Amazon’s New World is enjoying a mammoth launch
The delayed MMO has attracted over 700,000 concurrent players on its release day
Amazon Games looks as though it has its first hit on its hands, with New World enjoying a monster launch today.
Following in the footsteps of an open beta which reportedly attracted over one million players in July, the MMO is racking up some impressive Steam numbers on its release day.
According to SteamDB, New World has attracted as many as 707,230 concurrent players today.
Only four titles have ever attracted more concurrent players: PUBG Battlegrounds (3,257,248), Counter-Strike: Global Offensive (1,308,963), Dota 2 (1,295,114) and Cyberpunk 2077 (1,054,388).
New World was originally scheduled to launch last May before being delayed on four separate occasions.
The MMO “pits players against the haunted wilderness of Aeternum, a mysterious supernatural island in the twilight of the Age of Exploration”.
The game’s start will be encouraging for Amazon, which has struggled to penetrate the competitive video games market.
Development of the company’s team-based shooter Crucible officially ceased in October 2020, just five months after the game’s launch, following its struggle to attract a significant player base.
More recently Amazon cancelled a Lord of the Rings MMO, reportedly because of a dispute with Tencent, the parent company of the title’s co-developer Athlon Games.

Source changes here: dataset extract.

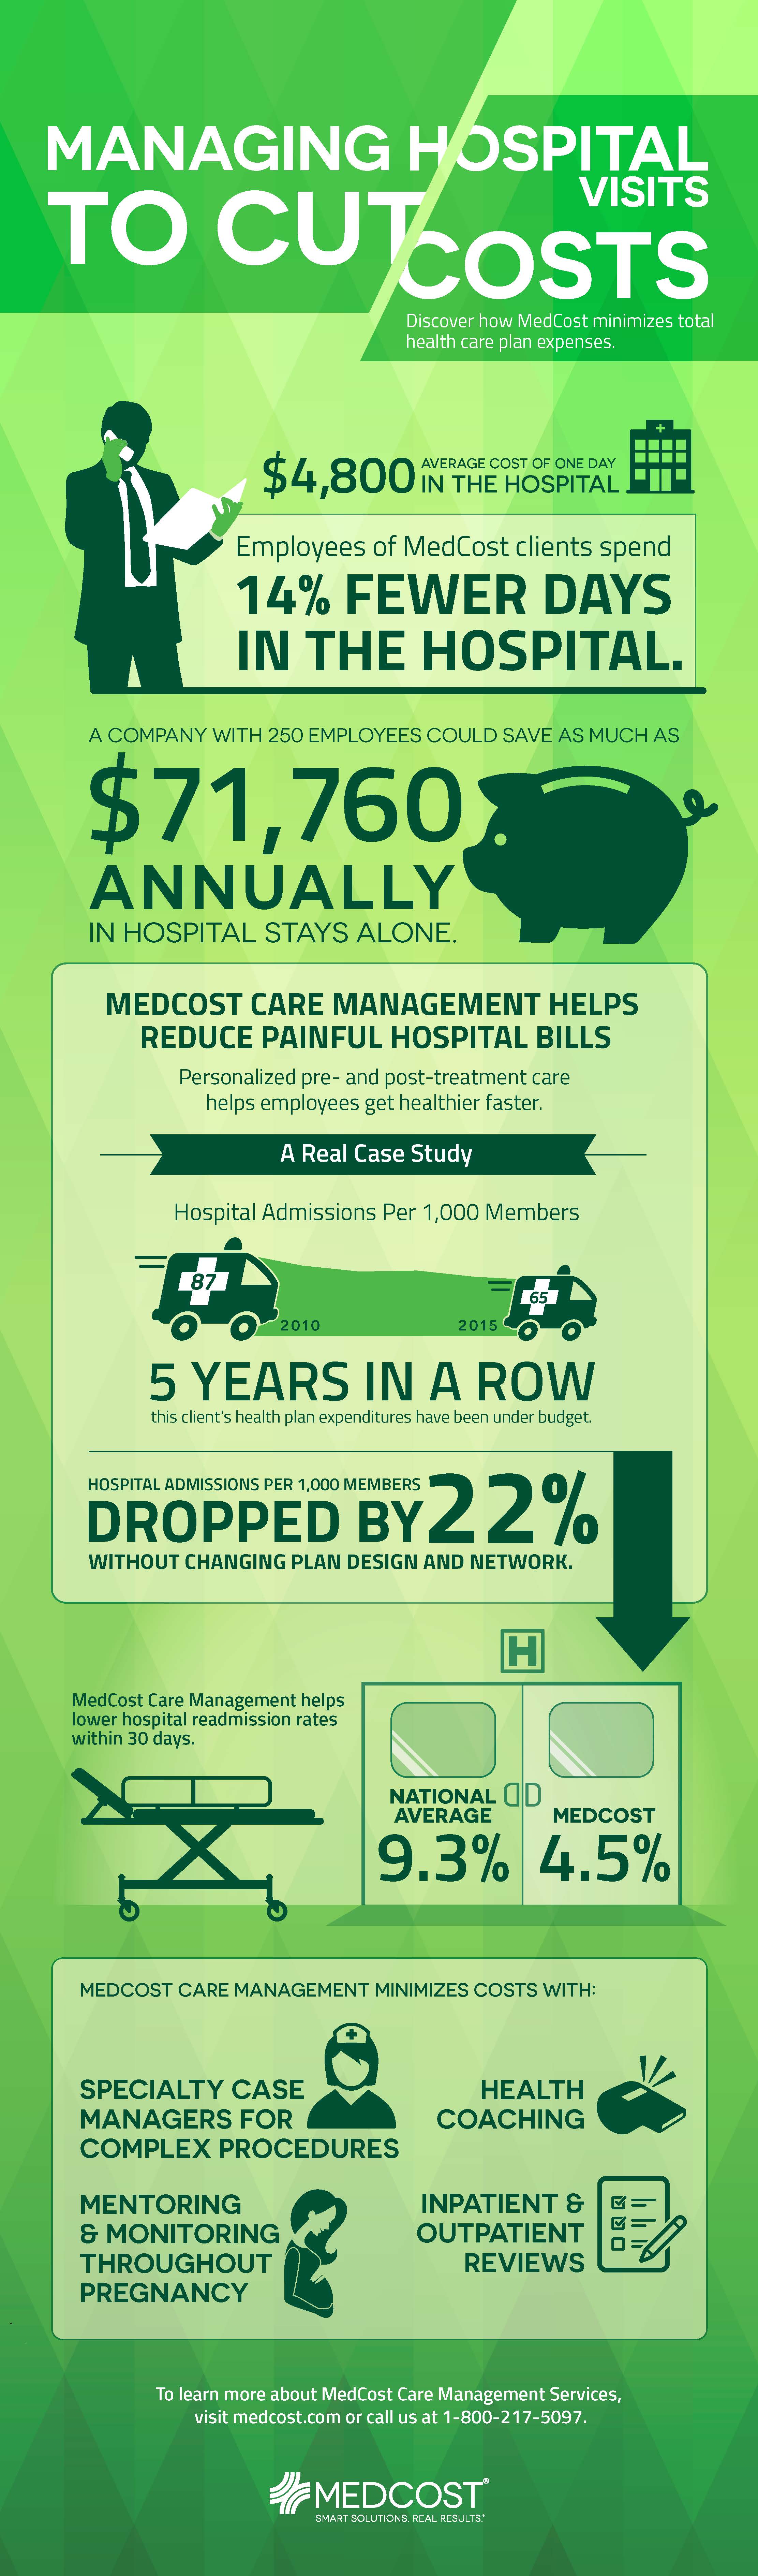 Managing Hospital Visits to Cut Costs (Infographic)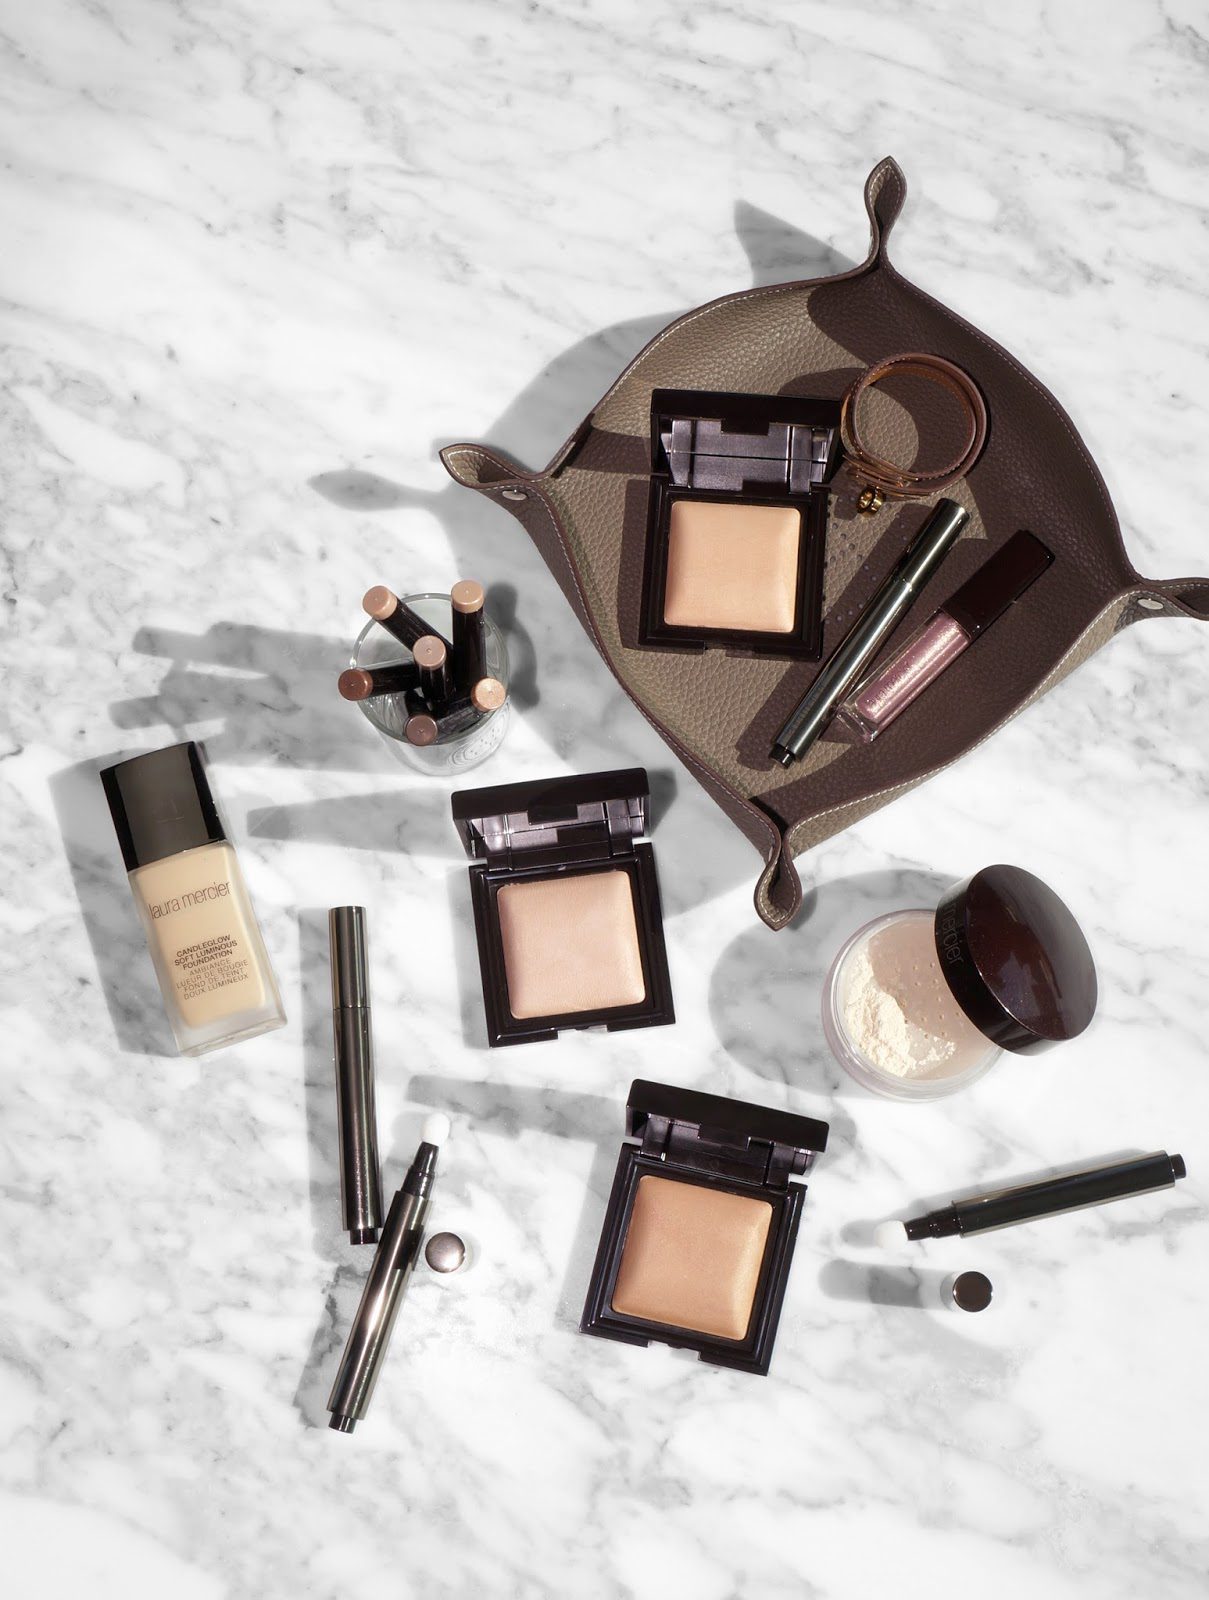 Laura Mercier Candleglow Sheer Perfecting Powder and Candleglow Concealer and Highlighter

“When big players want to get into the gaming space, they have to accept it takes a certain amount of time, that for a long time things can be very unpredictable,” Amazon Games’ vice president Christoph Hartmann told GamesIndustry.biz in an interview published last week.
“You can do all the market research you want, but you’re not going to know whether you have a good game until you put it in someone’s hands. Sometimes you don’t even know what you’ve got until it hits the marketplace.
“So many people get out too early because they get nervous about it. Because the toolset they have to judge success, which is driven by numbers, is just not there,” the founder of Take-Two‘s 2K Games label continued.
“You get it once you go to scale, but you go to scale when the game is almost done. Until then, you live in a world of doubts or dreams. That’s the struggle for any big company that wants to get into games.”